## About this exercise
Copy down every line of the data that follows exactly. Omit the pictures.

## Given data
^^^^^^^^
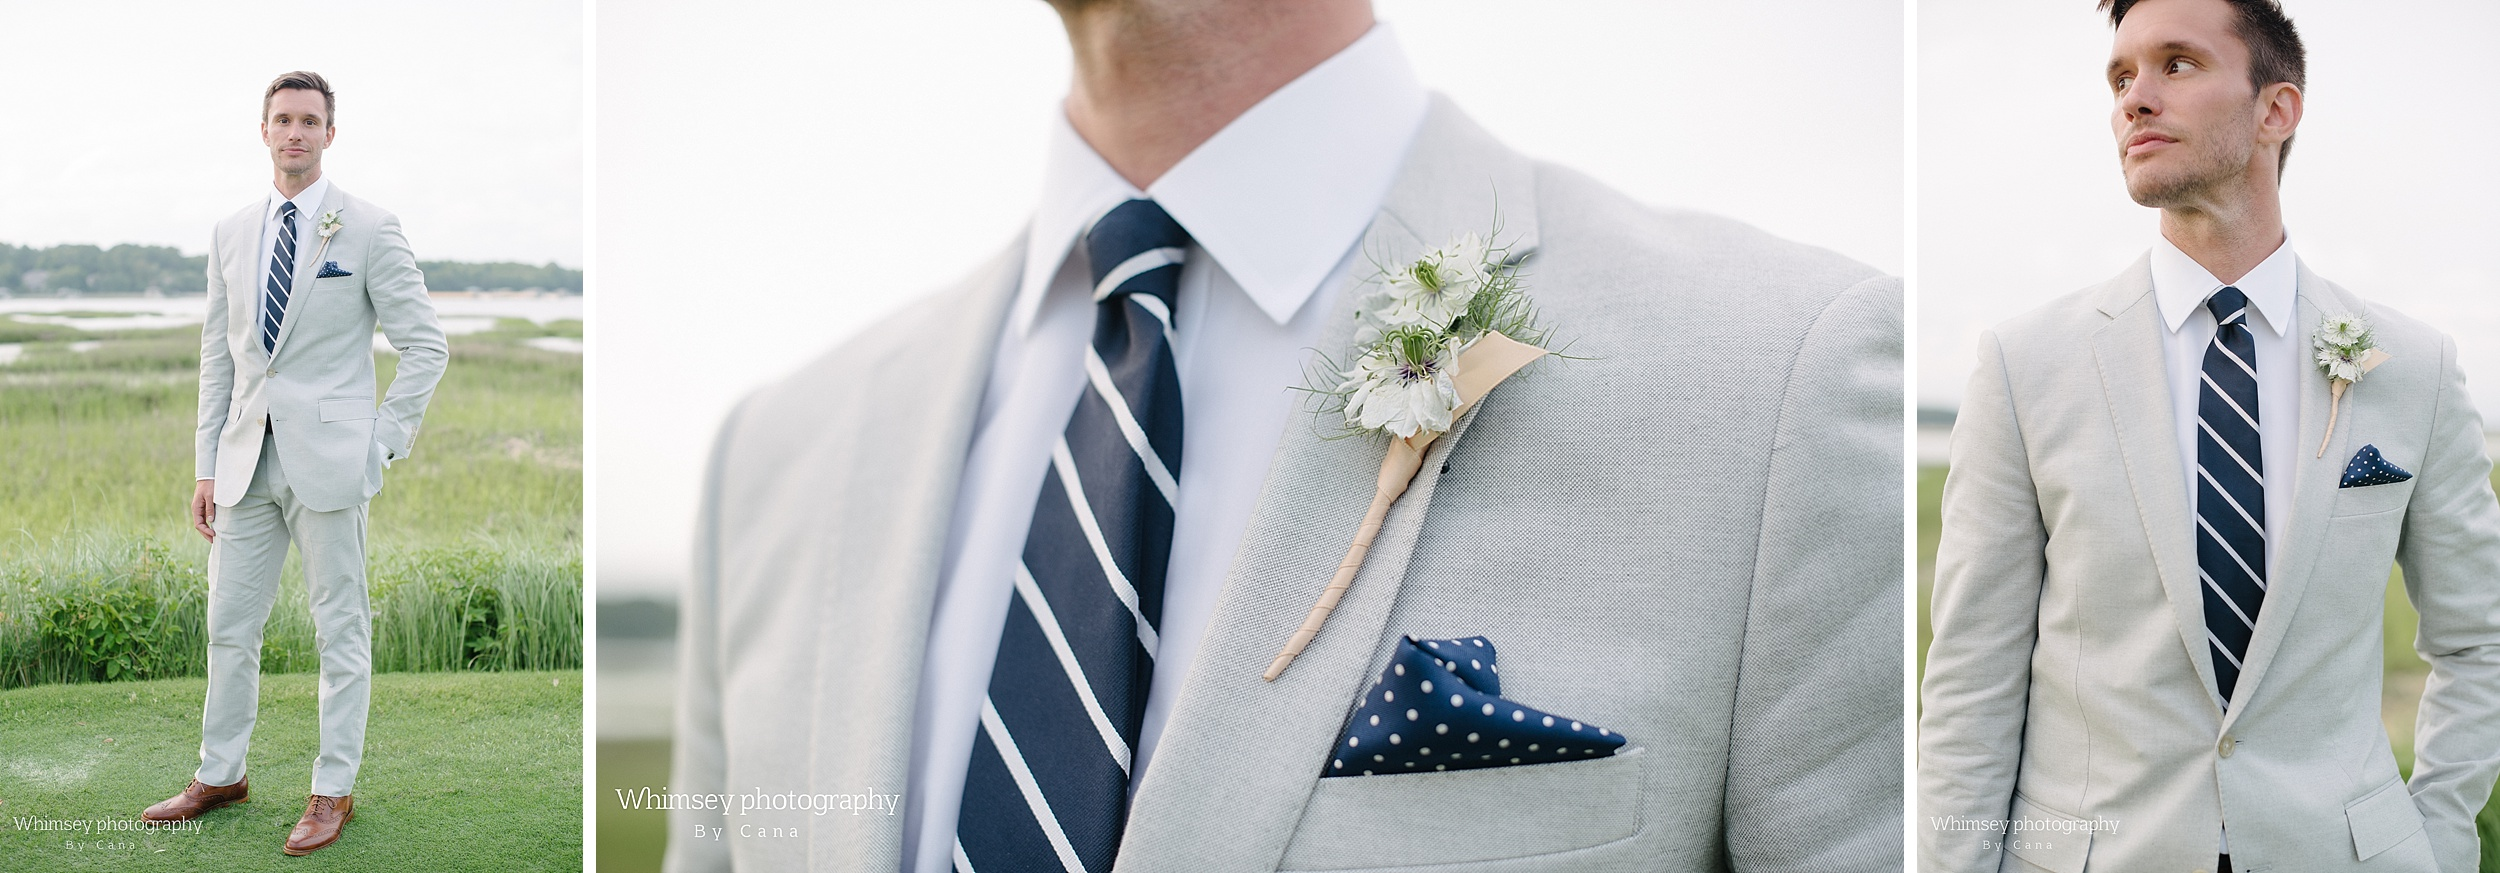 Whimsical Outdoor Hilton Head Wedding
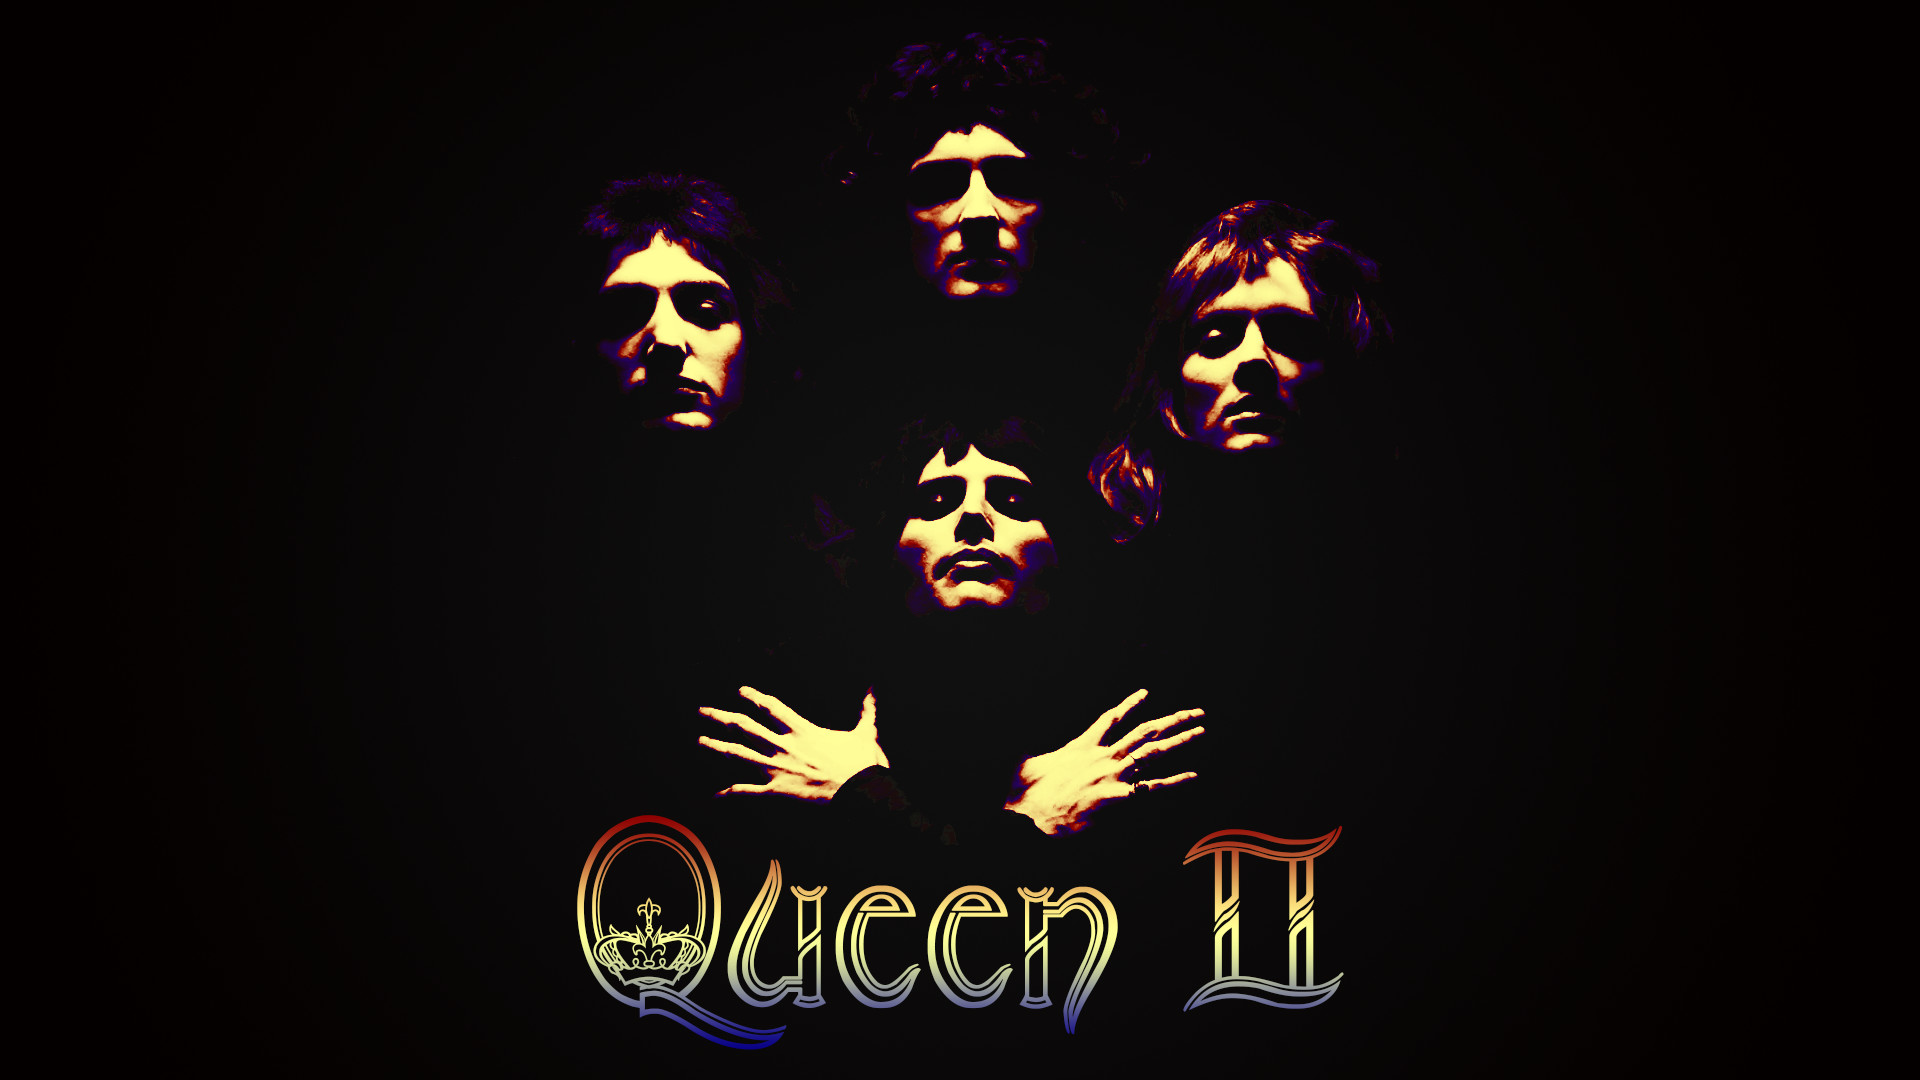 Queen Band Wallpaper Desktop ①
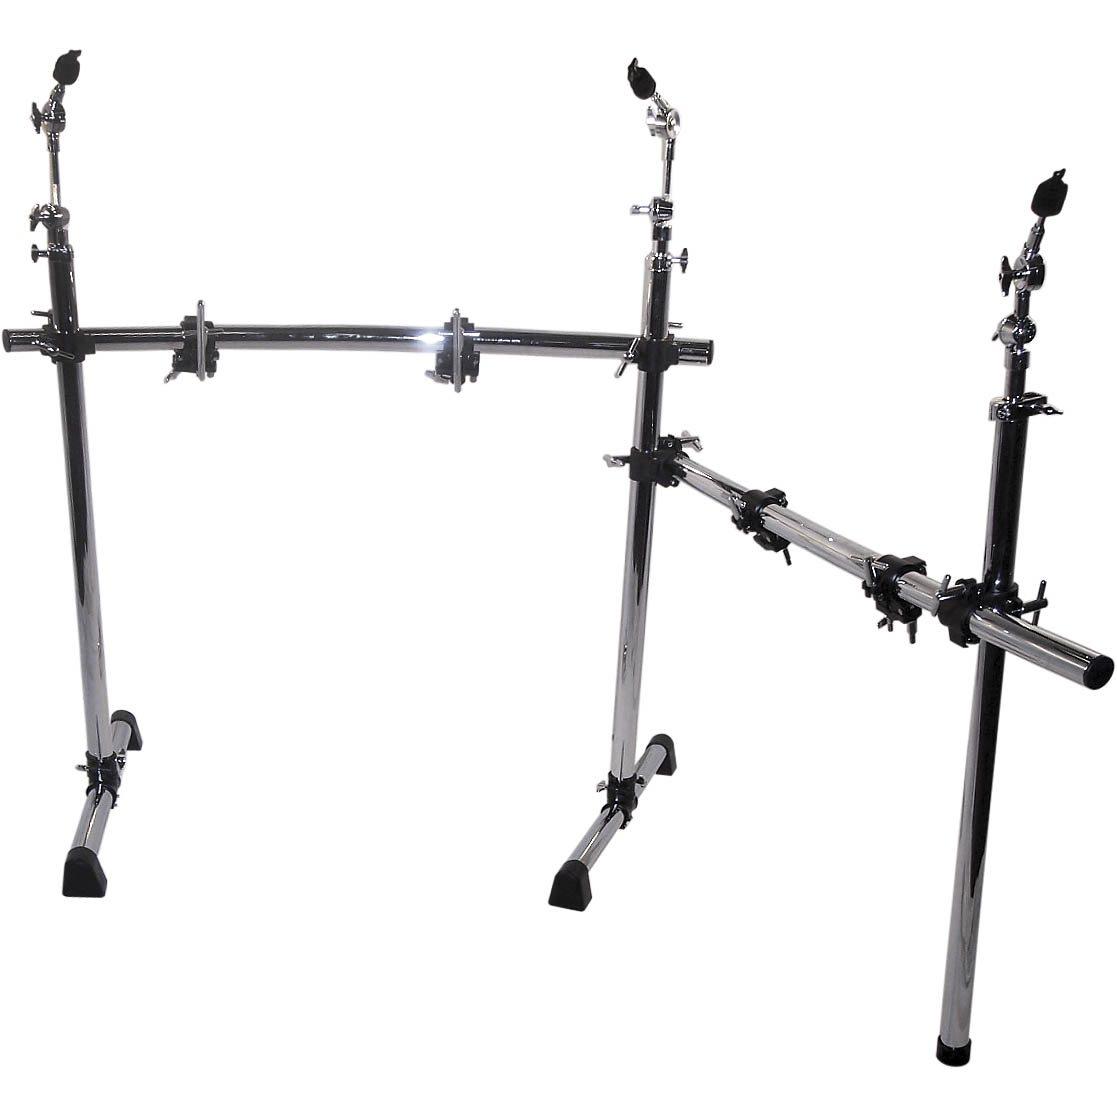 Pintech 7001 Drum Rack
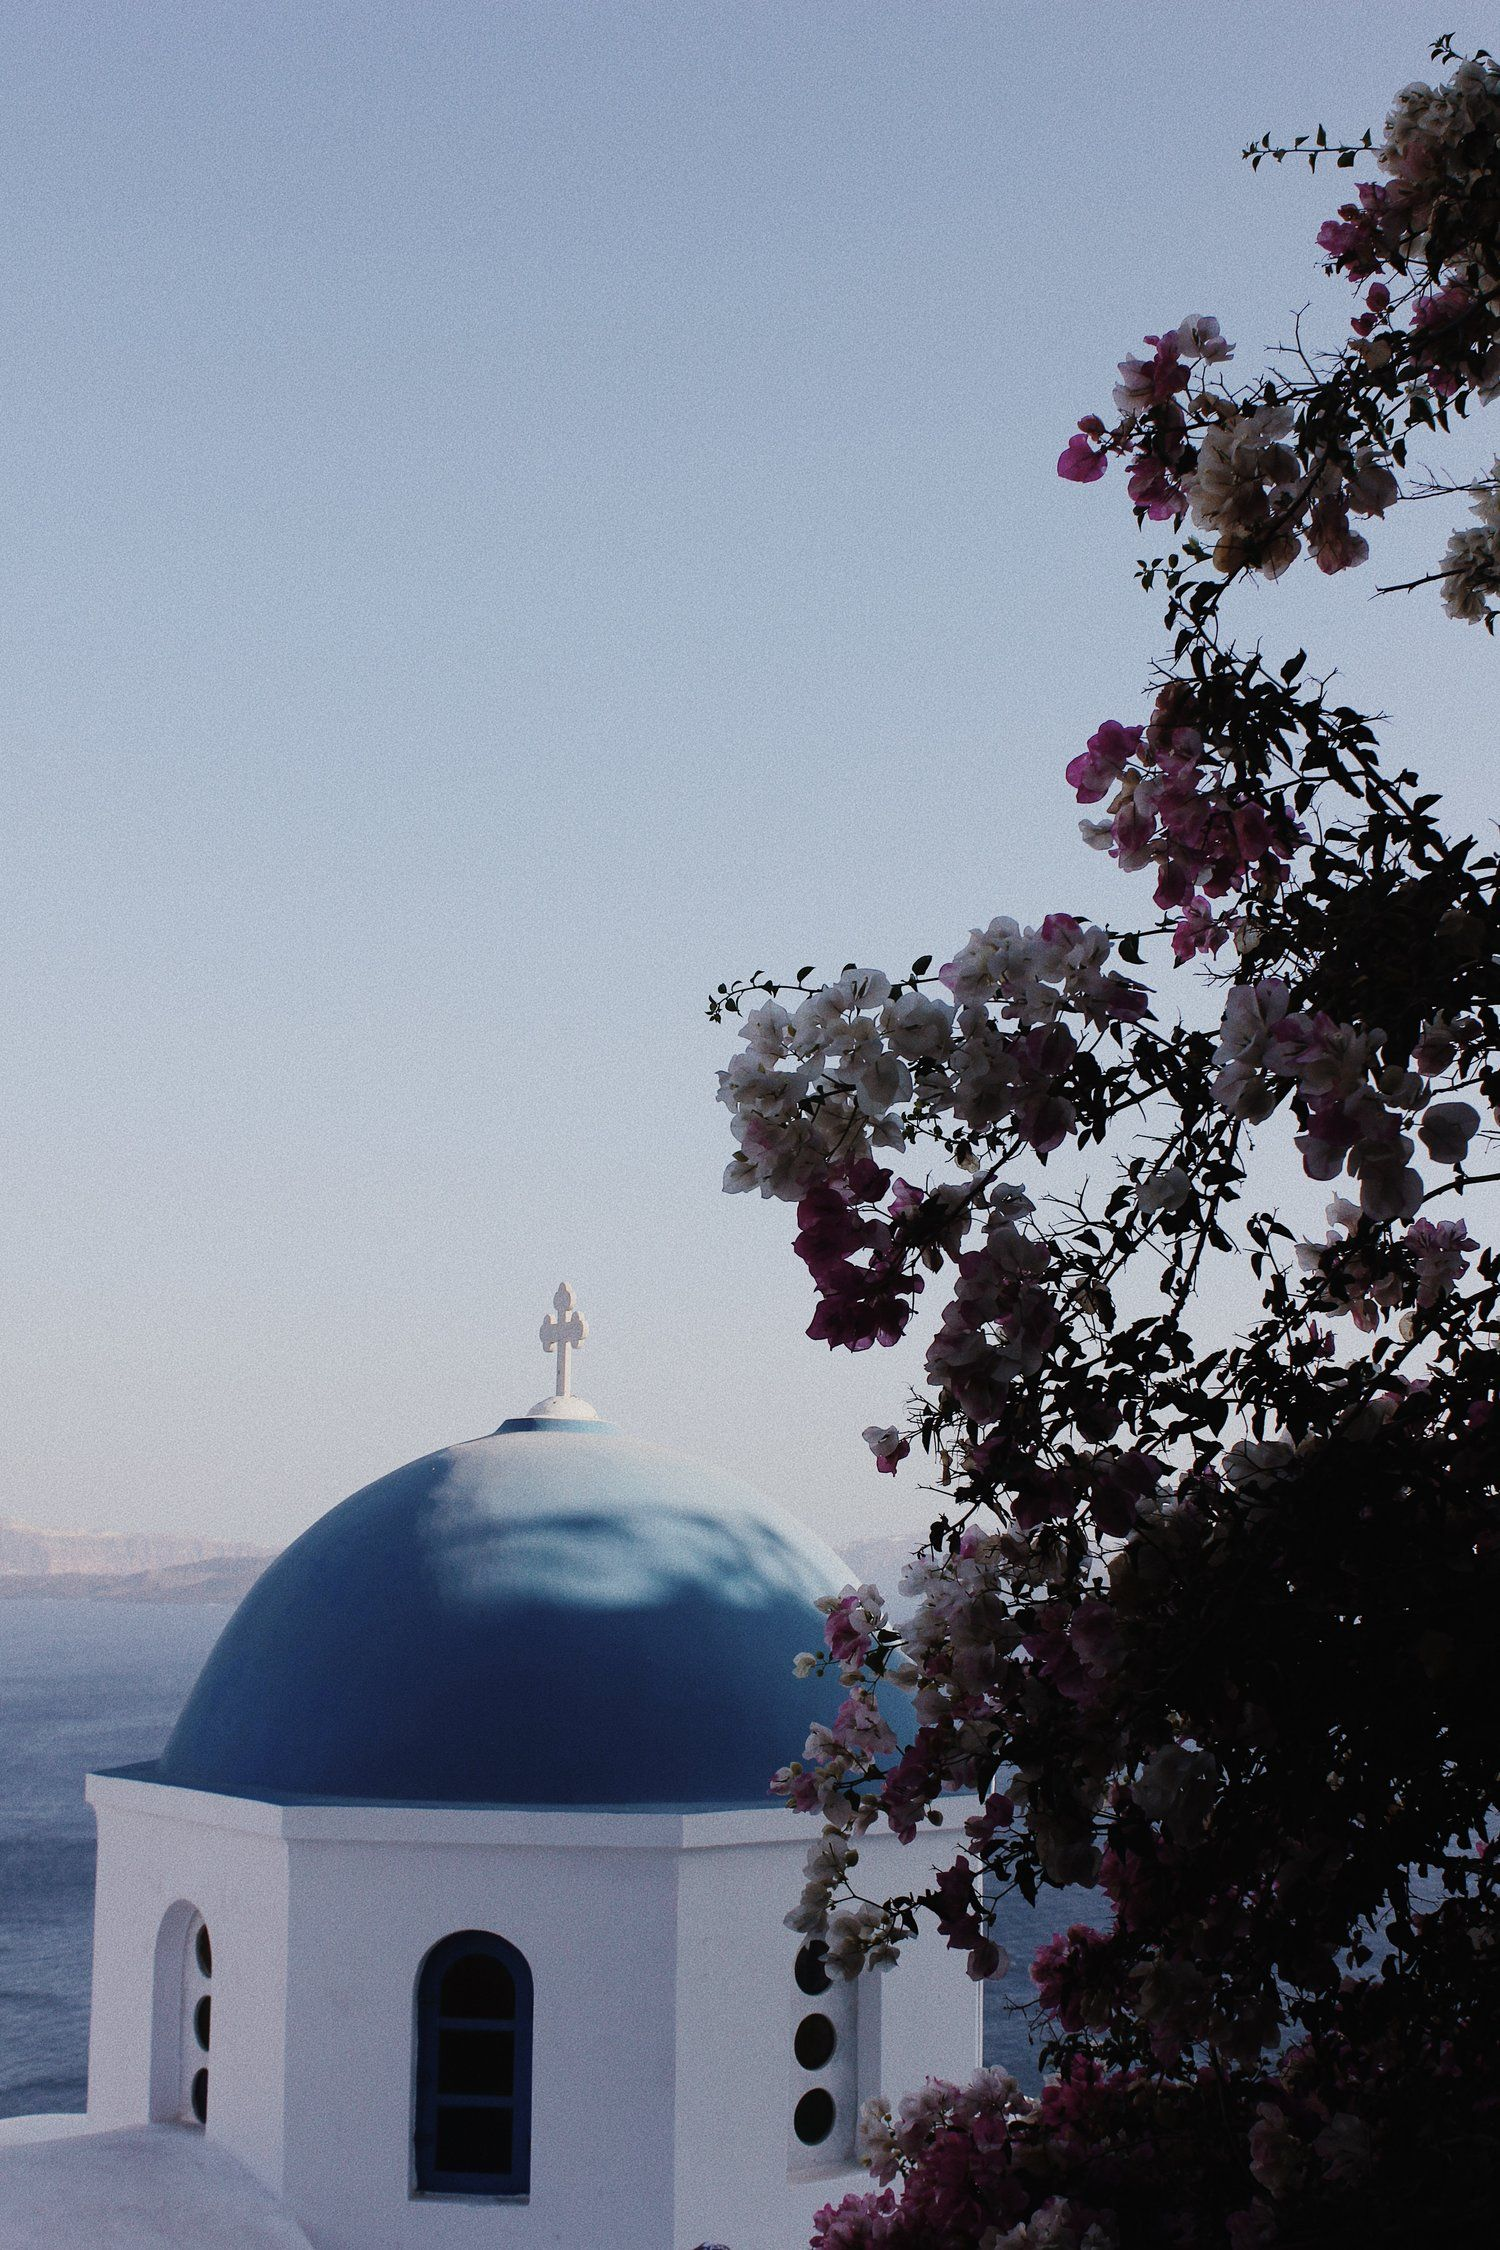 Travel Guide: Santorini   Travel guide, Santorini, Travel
^^^^^^^^
## Result below
 Whimsical Outdoor Hilton Head Wedding
 Queen Band Wallpaper Desktop ①
 Pintech 7001 Drum Rack
 Travel Guide: Santorini   Travel guide, Santorini, Travel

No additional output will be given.